Today’s release of the Queensland Resources Council’s (QRC) annual economic contribution report shows the resources sector delivered $116.8 billion in economic benefits to the state economy in 2022-23 and supported more than half a million local jobs.
This is $22.2 billion more than the previous financial year and is one in every four dollars spent in Queensland.
QRC chief executive Ian Macfarlane said the figures showed what was at stake after the Queensland government’s sudden and unprecedented introduction of the world’s highest coal royalty taxes to the sector, deterring investment in new, greenfield projects.
„Queensland’s current prosperity is the result of past decades of investment by mining and energy companies around the world and companies here,” he said.
„Until that level of large-scale, long-term investment continues, Queensland’s economy will look very different in the future.
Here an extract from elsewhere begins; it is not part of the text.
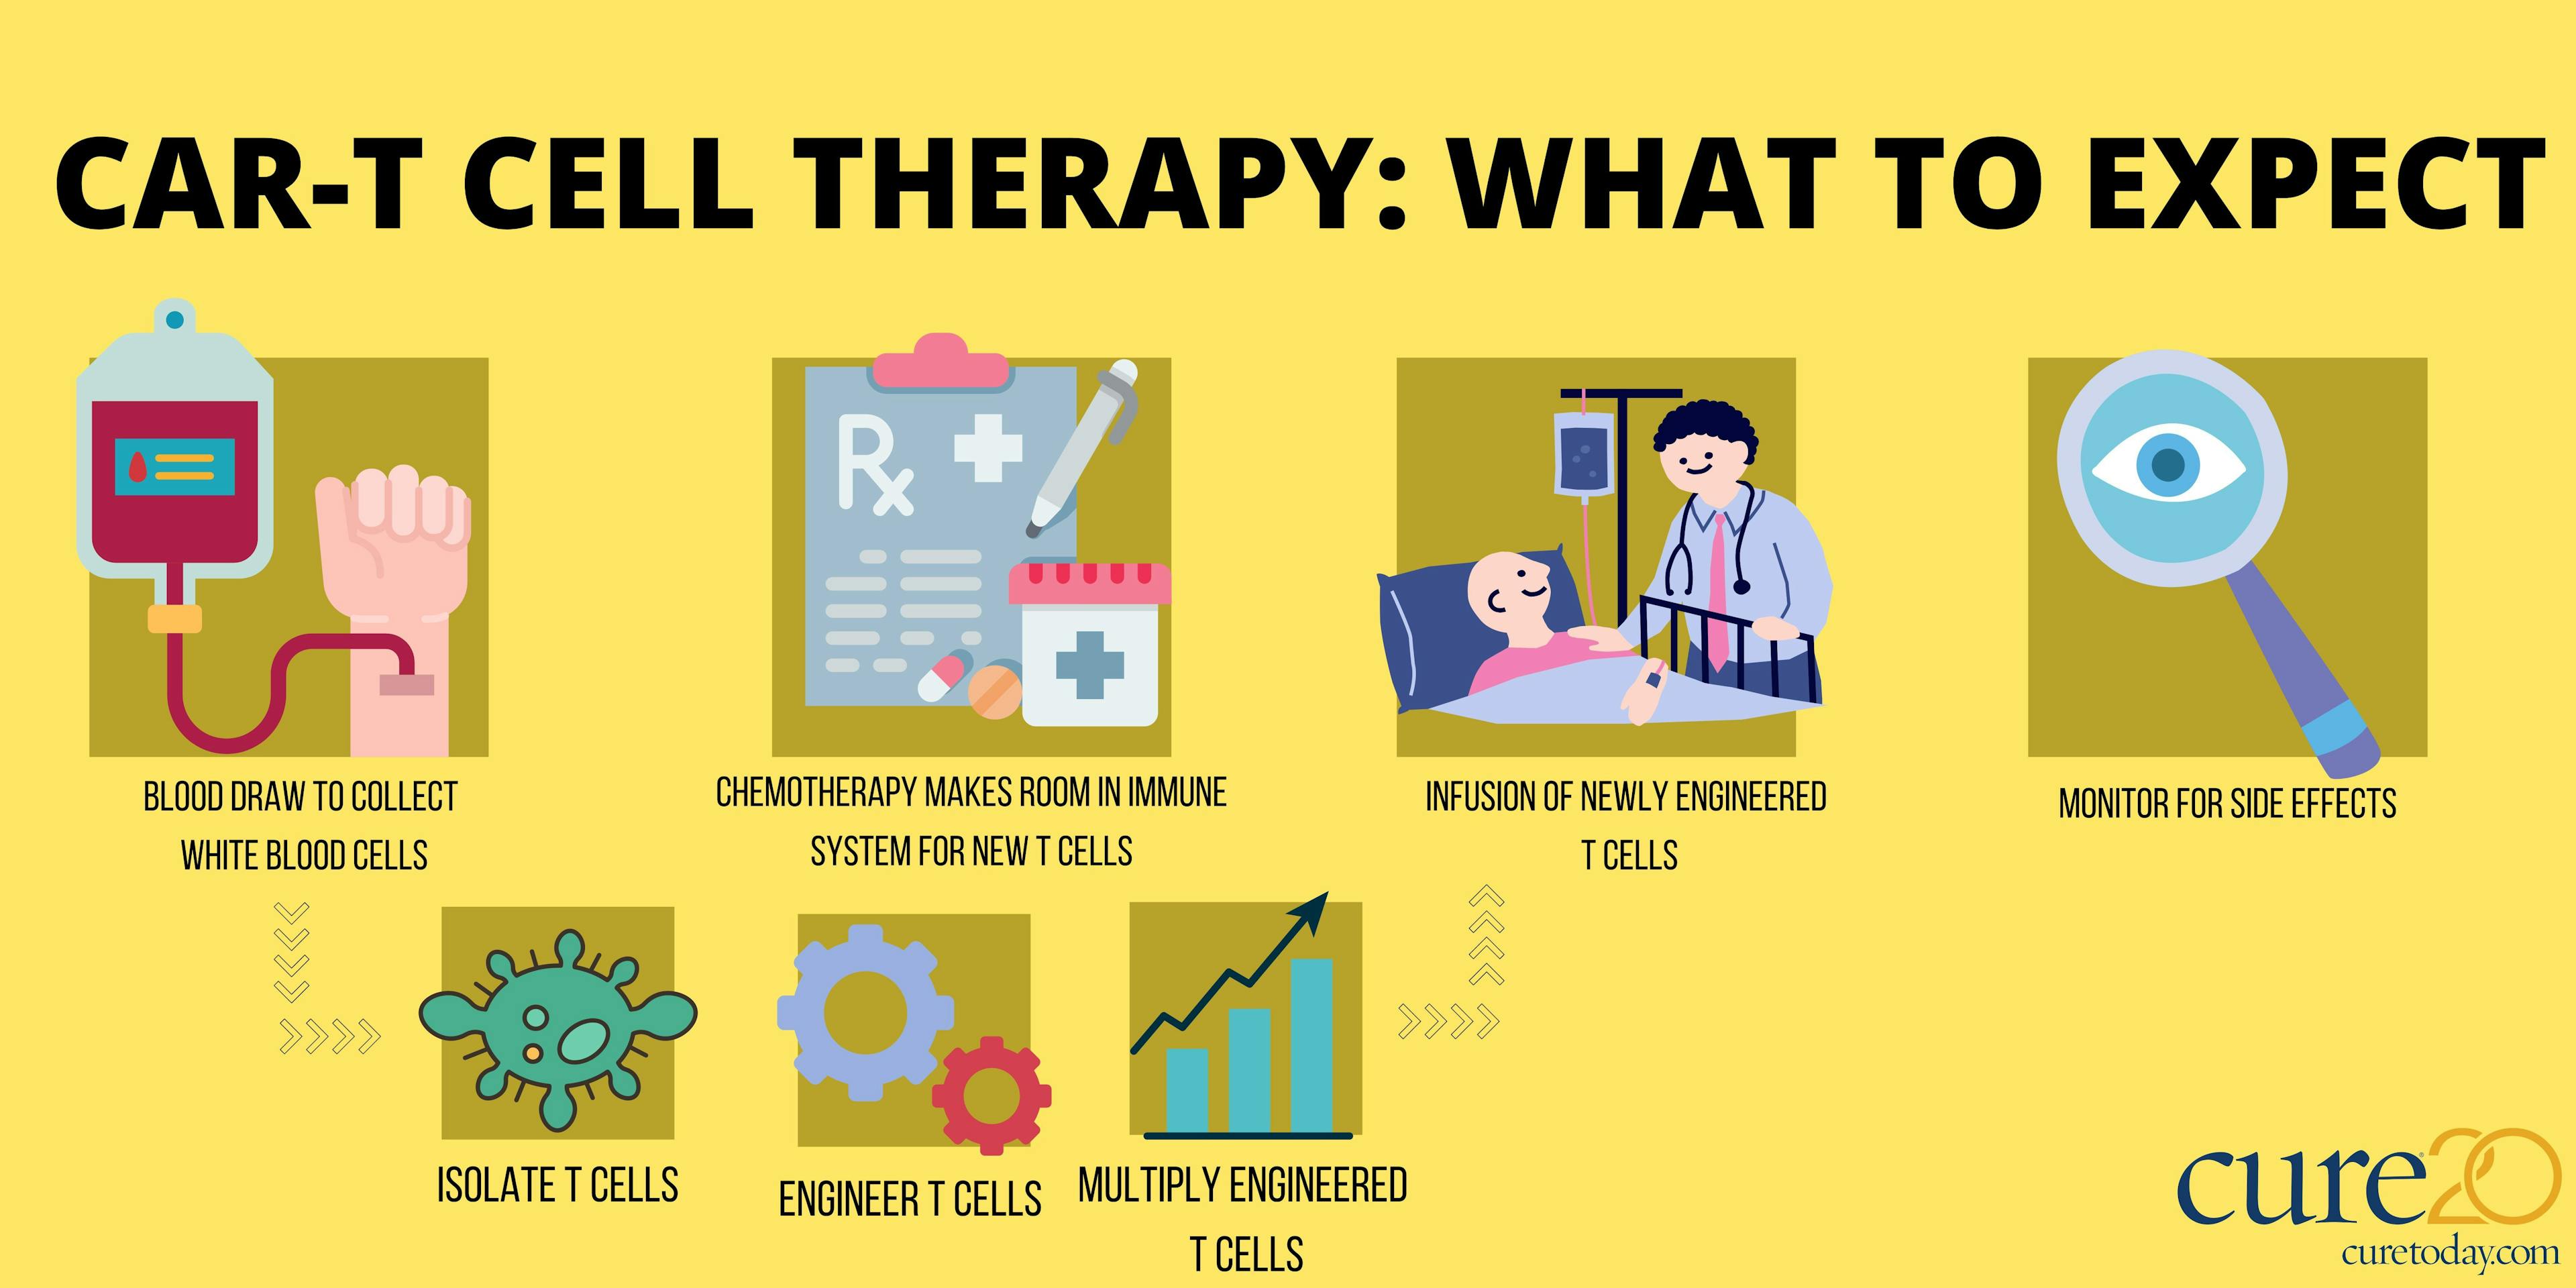 Infographic: what patients can expect with CAR-T cell therapy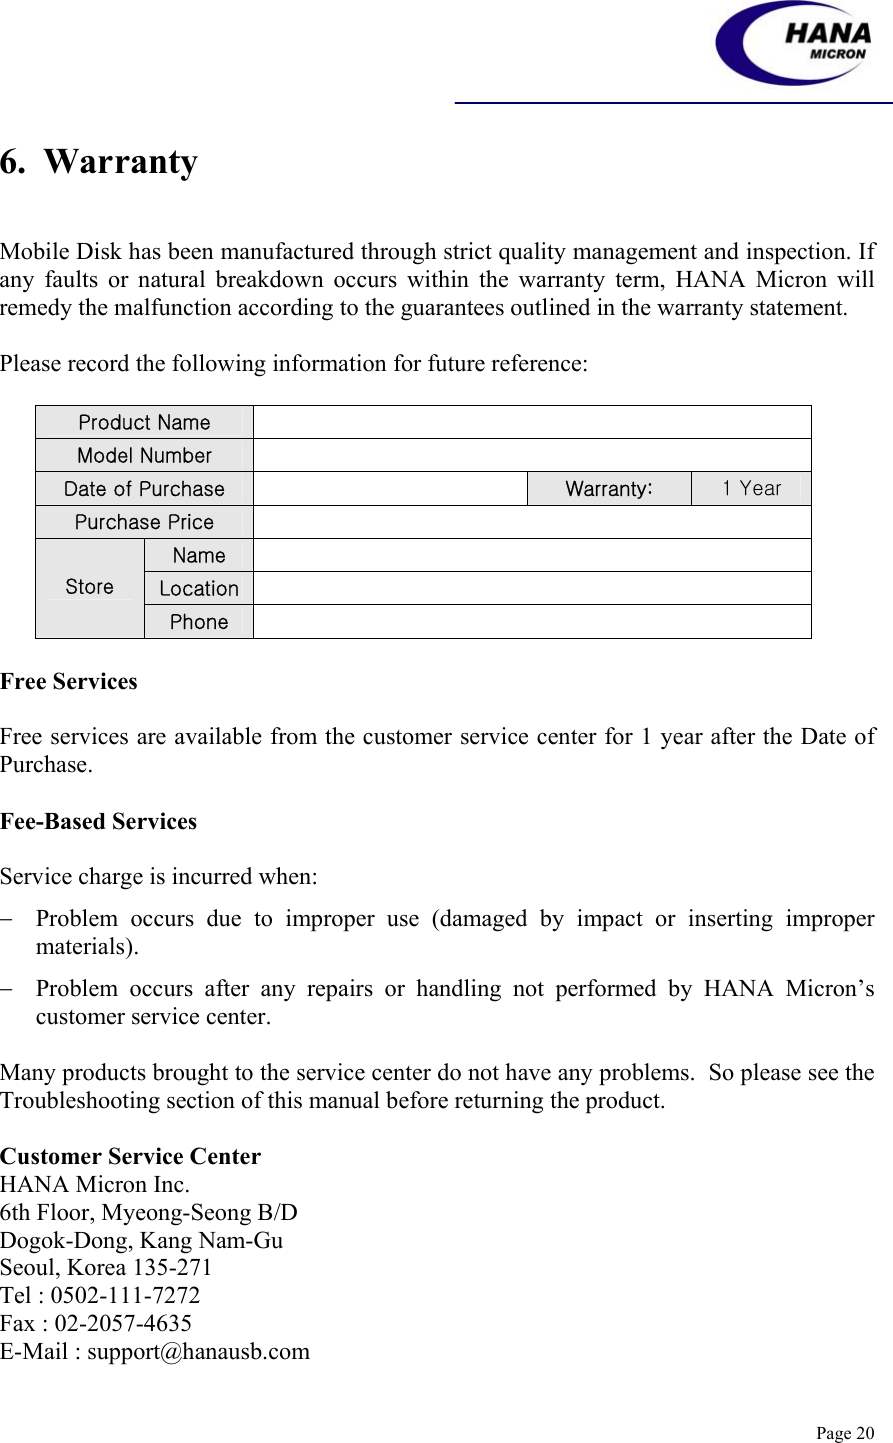    Page 20 6.  Warranty   Mobile Disk has been manufactured through strict quality management and inspection. If any faults or natural breakdown occurs within the warranty term, HANA Micron will remedy the malfunction according to the guarantees outlined in the warranty statement.  Please record the following information for future reference:  Product Name   Model Number   Date of Purchase   Warranty:  1 Year Purchase Price   Name   Location   Store Phone    Free Services  Free services are available from the customer service center for 1 year after the Date of Purchase.  Fee-Based Services  Service charge is incurred when: − Problem occurs due to improper use (damaged by impact or inserting improper materials). − Problem occurs after any repairs or handling not performed by HANA Micron’s customer service center.  Many products brought to the service center do not have any problems.  So please see the Troubleshooting section of this manual before returning the product.  Customer Service Center HANA Micron Inc. 6th Floor, Myeong-Seong B/D Dogok-Dong, Kang Nam-Gu Seoul, Korea 135-271 Tel : 0502-111-7272    Fax : 02-2057-4635 E-Mail : support@hanausb.com

We shouldn’t be giving companies a reason not to invest here.”
„To put this into perspective, coal companies accounted for 72 per cent of our sector’s total contribution to Queensland’s Gross Regional Product (GRP) last financial year, or $83.7 billion.
Mr Macfarlane said the 2022-23 Economic Contribution Report showed an increase in the resources sector’s contribution to Queensland in every key indicator.
„The number of direct and indirect jobs supported by the resource sector rose from 450,000 to 532,000 over the 12-month period, accounting for one in six jobs in Queensland,” he said.
“Mining and energy companies spent a total of $33 billion, purchasing goods and services from nearly 16,000 Queensland businesses and supporting 1,400 local charities and sports clubs.
„The direct cost of metals mining to local businesses and charities rose 41 percent, and the number of jobs supported by gas producers increased 18 percent.”
Mr Macfarlane said a strong resources sector was critical to Queensland’s continued prosperity and funding government services and infrastructure such as roads, police, hospitals and schools.
He said the darkest cloud on the horizon was the government’s decision last year to 'kill the golden goose’ by introducing exorbitant new taxes on coal producers.
BHP, the world’s biggest miner, has already announced it will not invest in new development projects in Queensland while the current royalty regime is in place.
Mr Macfarlane said the annual 'nest egg’ created for Queensland’s economy by the resources sector was at risk unless the Government was prepared to reconsider its decision to raise coal royalty taxes to globally uncompetitive levels.
„Queensland’s exorbitant tax on coal producers doesn’t compare to the rest of the world and there’s a reason companies aren’t investing in new projects here,” he said.
“Coal royalty tax revenue exceeded $15 billion last financial year, and Queensland Government estimates suggest it will be at least $5 billion this year, but could be much higher.
Payments by resources companies to the Queensland Government have more than doubled in the last financial year.
“Royalties alone rose from $8.9 billion to $18.1 billion, before you include land and payroll taxes, transfer duties and other regulatory costs imposed by state government.
“Suddenly wringing this amount out of a cyclical, commodity-based industry like the coal sector over two years was a big mistake and was poorly received by the market.
“Under the previous tax regime, coal producers would have paid about $14 billion in royalties over this period, so this would cost the sector an additional $6.5 billion over two years.
„This is coming from a government that promised no new taxes before the last election.
“If the government wants the resources sector to continue to support economic growth and jobs, it needs policies that encourage new investment and stimulate a pipeline of new projects in the coming years and decades.
„Now, that’s not happening because of a policy decision that undermines Queensland’s reputation as a safe and reliable place to invest in new projects.”